Nello screenshot di pagina 2 del blog “Iddusapi” (a tal proposito ringraziamo gli autori per l’autorizzazione alla pubblicazione concessaci), a chiudere la rubrica “Novantunesimo”, c’è anche uno stralcio delle dichiarazioni rilasciate nel post-partita dal Presidente Praticò: “La squadra deve onorare la maglia e dare tutto”. Questo, per noi, è Vangelo! E benissimo ha fatto il massimo esponente societario a ribadirlo sin già dal primo post-gara della stagione.
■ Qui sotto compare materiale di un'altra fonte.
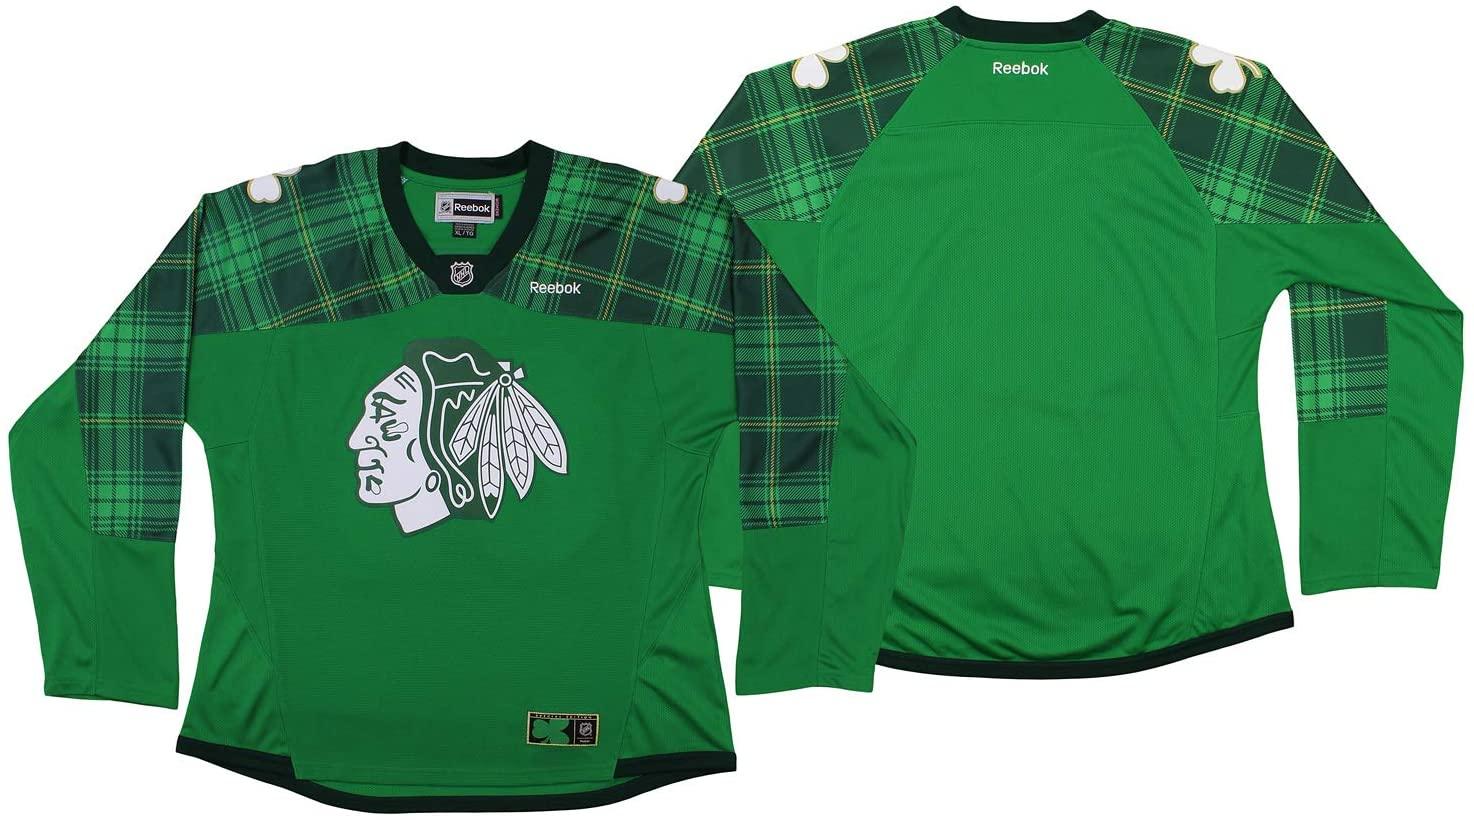 Reebok Chicago Blackhawks NHL Women's St. Patty's Day Jersey, Green

La vigilia del derby si sta man mano assottigliando. Siamo al 29 agosto ma sabato 3 settembre è solo tra qualche ora. Chi può e deve, vigili attentamente: NON VOGLIAMO SCHERZI! NESSUNO, NES-SU-NO, “giochi” con la Reggina: per quel che ci riguarda, quando c’è la Reggina di mezzo, il fine NON giustifica i mezzi!!! Pochi, pochissimi, ormai portano l’anello al naso tanto da non capire il “come” ma soprattutto il “perché” si vince o si perde una partita di pallone. Giochiamo questo derby e vinciamolo, tutti insieme. Poi, i risultati che verranno scriveranno le future pagine amaranto. Ad maiora!     

P.S.: a margine, ma solo a margine, registriamo la voce di una pagina Facebook riferibile ai tifosi del Messina secondo la quale ai peloritani verrà vietate la trasferta di Reggio Calabria in occasione del derby di domenica prossima probabilmente per i 9 arresti tra i tifosi messinesi nel post derby del 30 maggio 2915. A che serve la Tessera del Tifoso? Un derby senza tifoserie non è un derby con tutti i crismi. A prescindere dalla giusta e sana rivalità, a noi dispiacerebbe che i tifosi ospiti non ci fossero.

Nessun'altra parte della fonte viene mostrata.